Renaming columns is a very common task. Before renaming the columns, you might want to print all of the column names to the screen so you can look at them. This can be done with the colnames() function:

colnames(mtcars)

 [1] "mpg"  "cyl"  "disp" "hp"   "drat" "wt"   "qsec" "vs"   "am"   "gear"
[11] "carb"

Let’s say that we wanted to be abundantly clear about the column names of the mtcars data frame. Instead of mpg as the first column name, let’s rename it to miles_per_gallon.

colnames(mtcars)[1] <- "miles_per_gallon" 
colnames(mtcars)

 [1] "miles_per_gallon" "cyl"              "disp"             "hp"              
 [5] "drat"             "wt"               "qsec"             "vs"              
 [9] "am"               "gear"             "carb"

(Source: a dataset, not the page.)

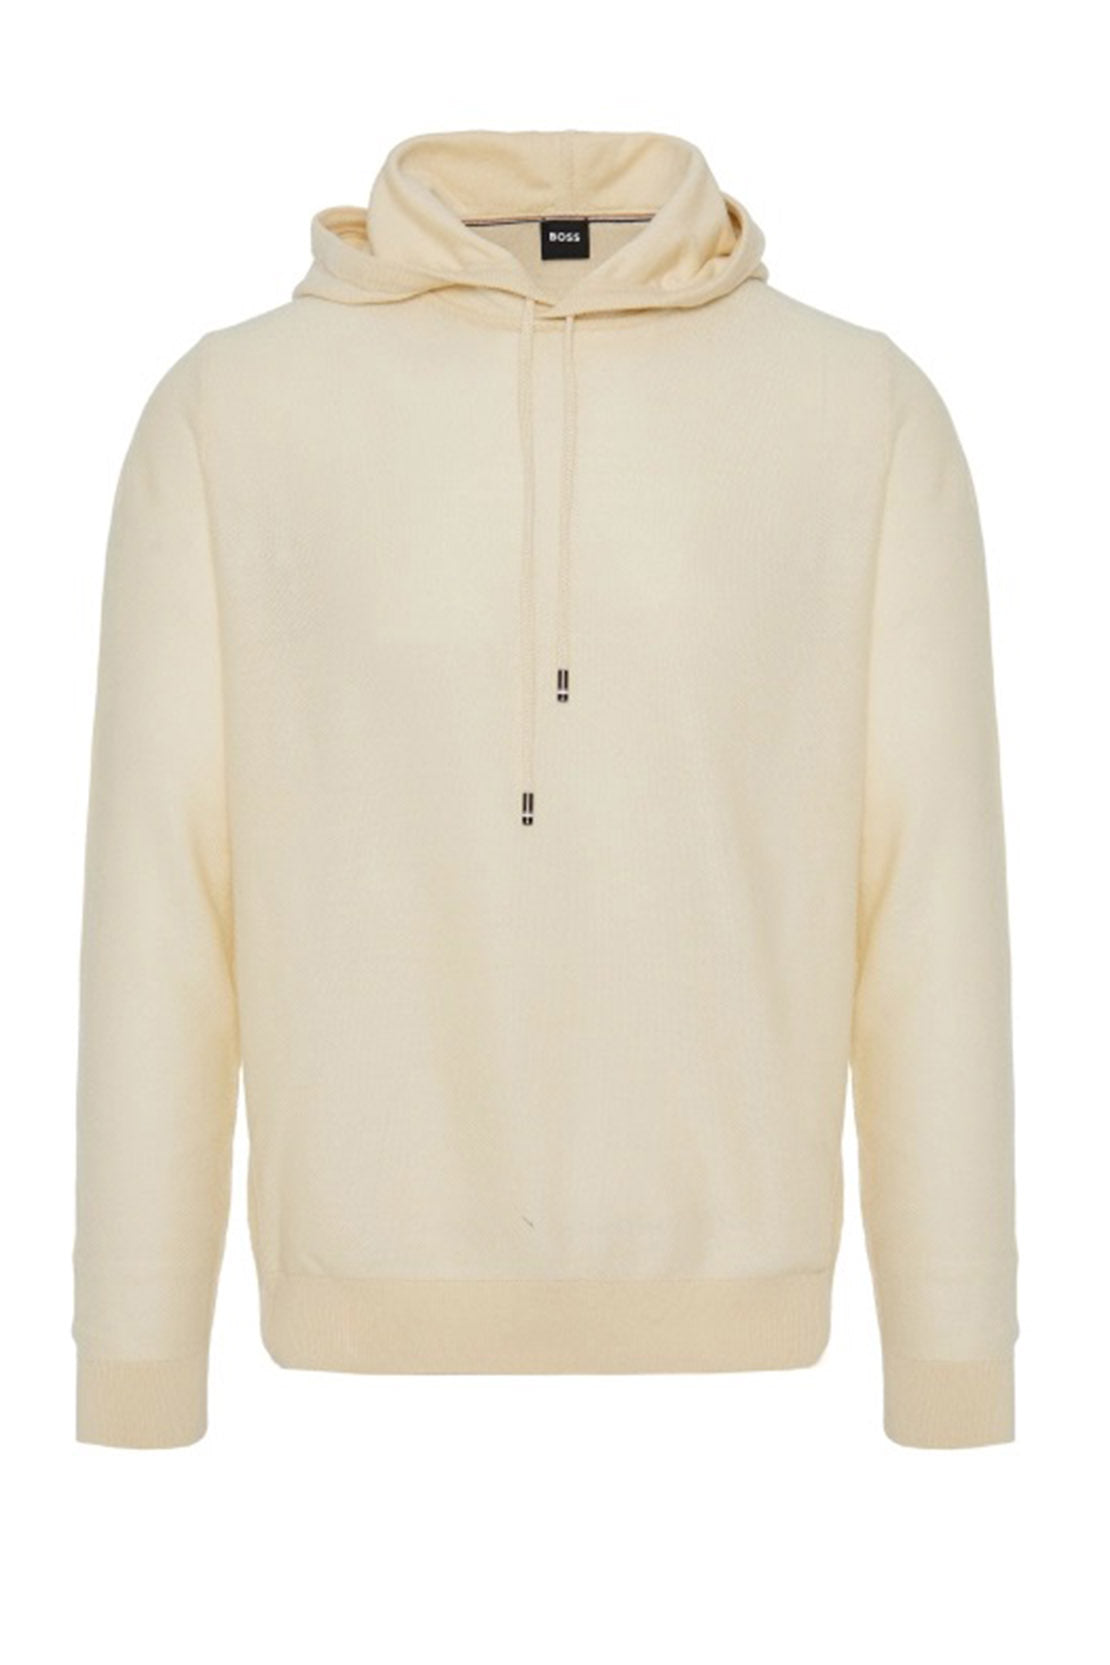 BOSS - TRAPANI Knitted Cotton Blend Hoodie In Open White 50511771 131

The brackets were used to select the first item of column names, which in this case was mpg. If you wanted to rename multiple columns, you could do this in one step:

colnames(mtcars)[c(2, 4, 6)] <- c("cylinder", "horsepower", "weight")
colnames(mtcars)

 [1] "miles_per_gallon" "cylinder"         "disp"             "horsepower"      
 [5] "drat"             "weight"           "qsec"             "vs"              
 [9] "am"               "gear"             "carb"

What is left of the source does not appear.